Summary. The paper claims that hidden-state trajectories during LLM decoding carry stronger, more stable risk signals for jailbreak detection than static input prompts. It proposes TrajGuard, a training-free framework that aggregates these states over a sliding window, computes a real-time risk score, and triggers lightweight semantic adjudication (or interruption) only when the score persistently exceeds a fixed threshold. Experiments across 12 jailbreak attacks on multiple open-source LLMs report an average 95% defense rate, <1.5% false-positive rate, and 5.2 ms/token latency.
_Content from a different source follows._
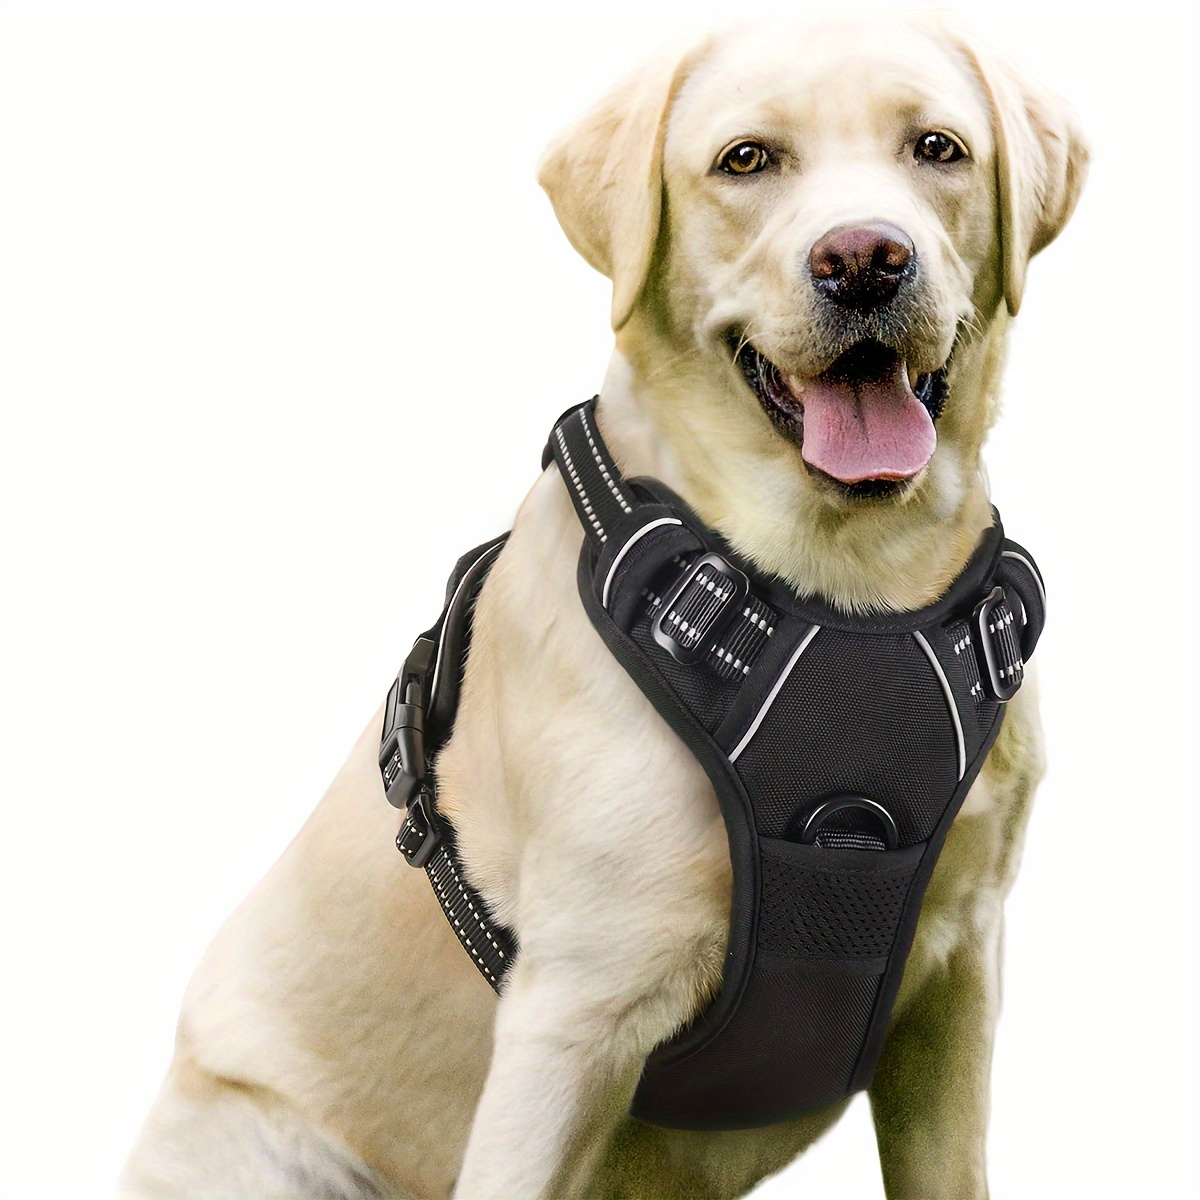 

1pc Breathable Soft Cushion Dog Harness, No-pull Reflective Puppy Vest, Adjustable Sizes S-l, With Front & Back Dual Leash Attachments, Suitable For Medium And Small Dogs

Significance. If the empirical separation holds under proper controls, the work provides a practical, model-modification-free approach to real-time jailbreak defense that exploits the dynamic evolution of internal representations rather than static checks. The observation that jailbreak-generated tokens progressively approach high-risk latent regions is a useful empirical finding that could inform future dynamic monitoring techniques.

major comments (2)

[§3.2] §3.2 (Risk Quantification): The sliding-window risk metric and fixed threshold lack any derivation showing invariance across architectures or fine-tunings; the method therefore depends on two free parameters whose values are almost certainly selected on the same distributions used to report the 95% defense rate and <1.5% FPR, directly undermining the claimed generality to unseen models and attacks.
[§4.1–4.3] §4.1–4.3 (Experimental Setup): No details are provided on how the 12 attacks and models were chosen, whether threshold/window size were tuned on held-out data, or whether statistical significance and multiple-comparison corrections were applied; without these controls the reported performance cannot be assessed as robust rather than post-hoc.

minor comments (2)

[§3.1] The description of how 'critical layers' are identified is empirical but would benefit from an explicit ablation or selection criterion in §3.1.
[§3.2] Notation for the risk aggregation function inside the window should be formalized with an equation rather than prose.

Simulated Author's Rebuttal

2 responses · 0 unresolved

We thank the referee for their constructive comments on our work. We provide point-by-point responses to the major concerns and indicate the revisions we will make to address them.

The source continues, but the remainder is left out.